▶ **Problem**: When you copy the listing, reproduce each line as it appears and omit every image.

▶ **Source material**:
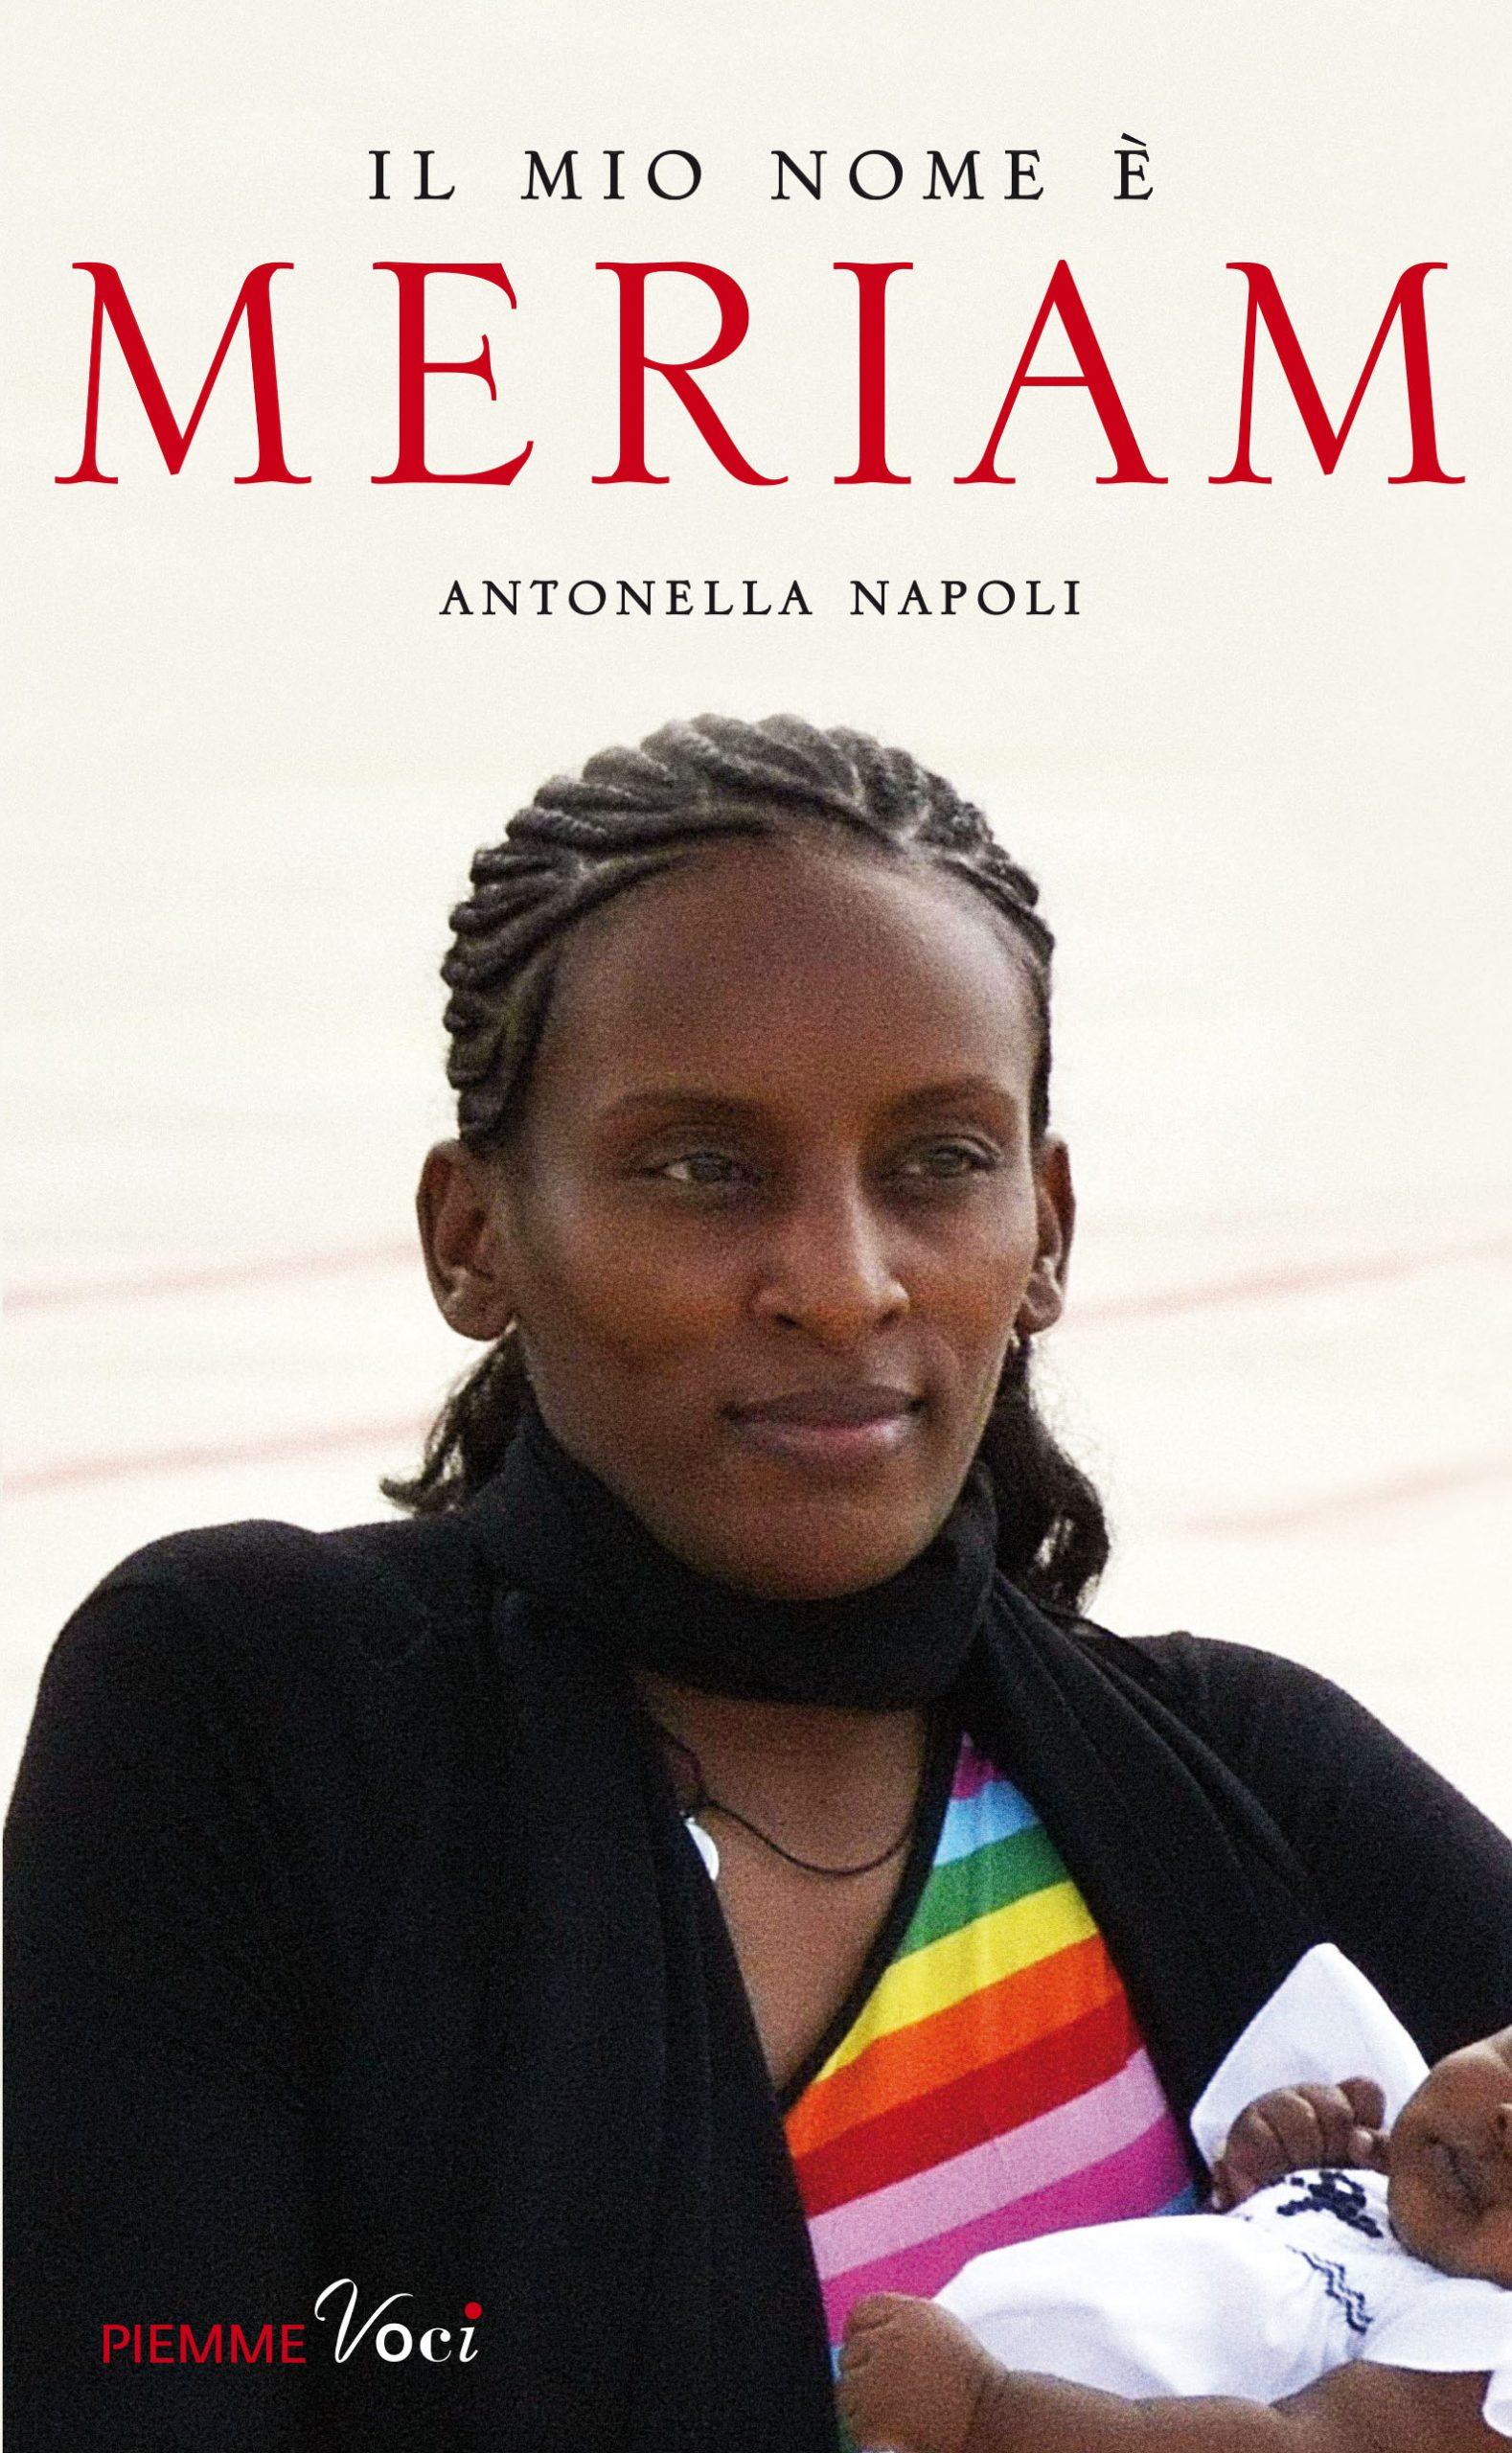 Il Mio Nome è Meriam, Storia Di Una Condanna A Morte In Sudan Divenuta Simbolo Di Speranza
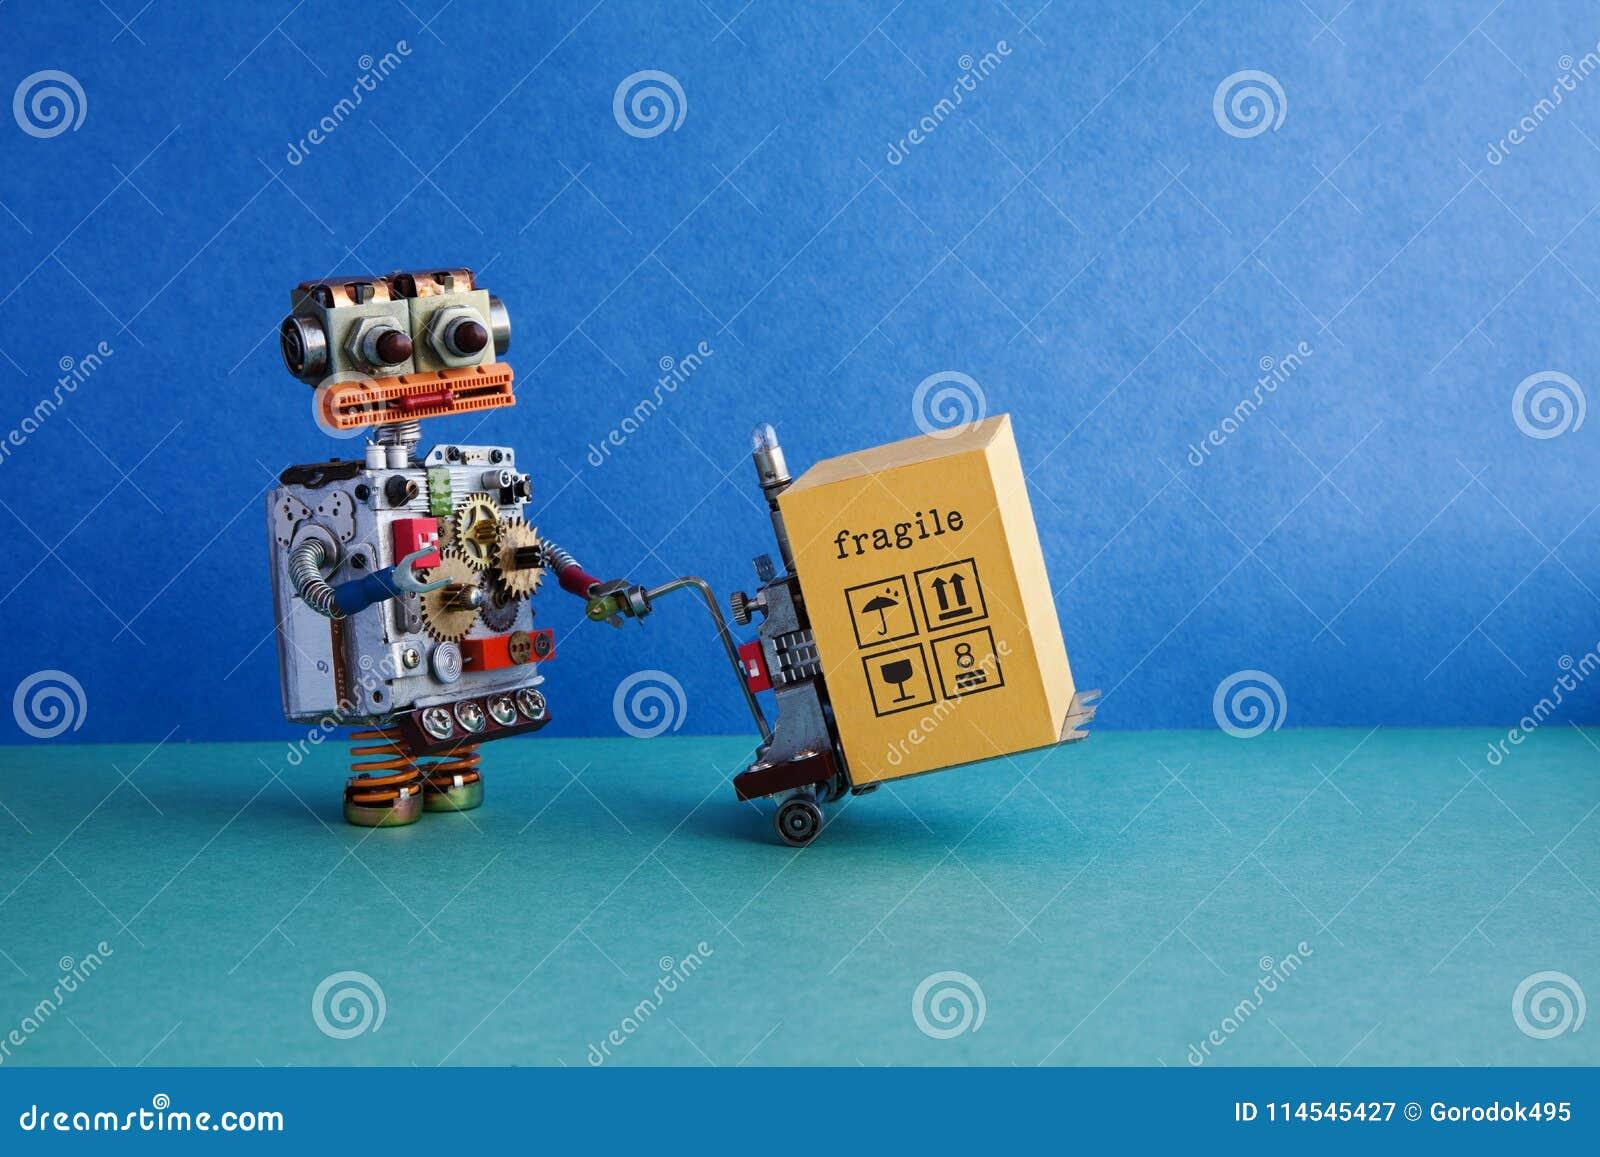 机器人后勤送货业务的自动化 友好的机器人玩具,供给动力的板台起重器,铲车被装载的推车机制
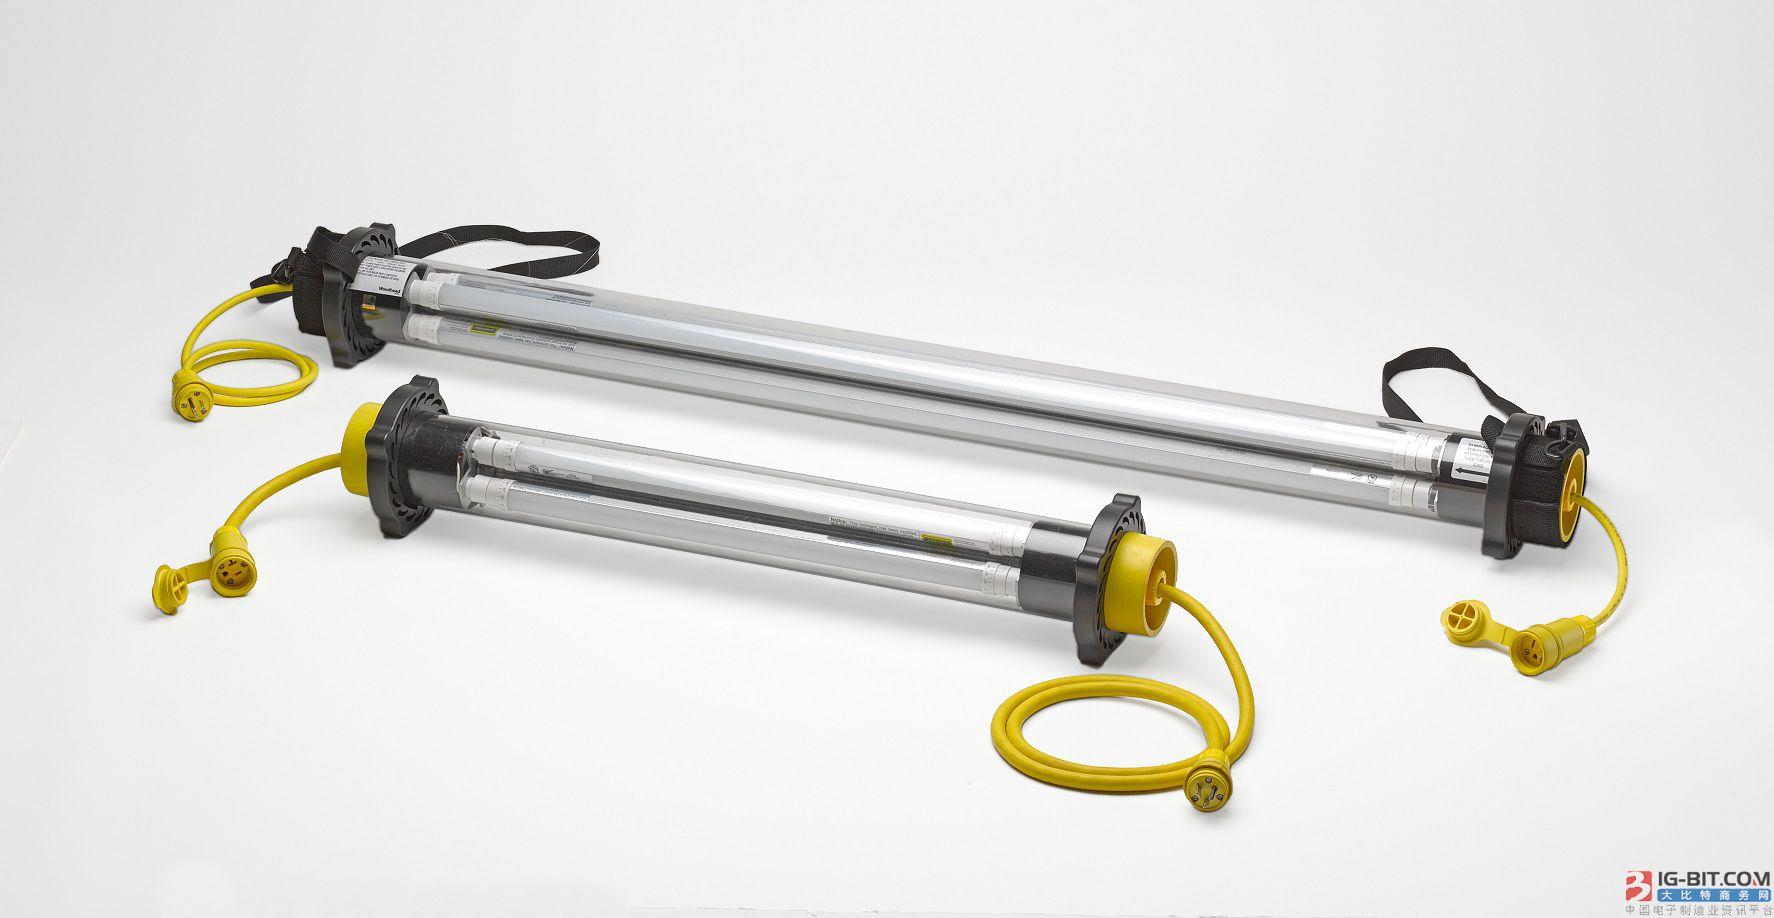 Molex 推出Woodhead® LED筒灯

▶ **Response area**:
 Il Mio Nome è Meriam, Storia Di Una Condanna A Morte In Sudan Divenuta Simbolo Di Speranza
 机器人后勤送货业务的自动化 友好的机器人玩具,供给动力的板台起重器,铲车被装载的推车机制
 Molex 推出Woodhead® LED筒灯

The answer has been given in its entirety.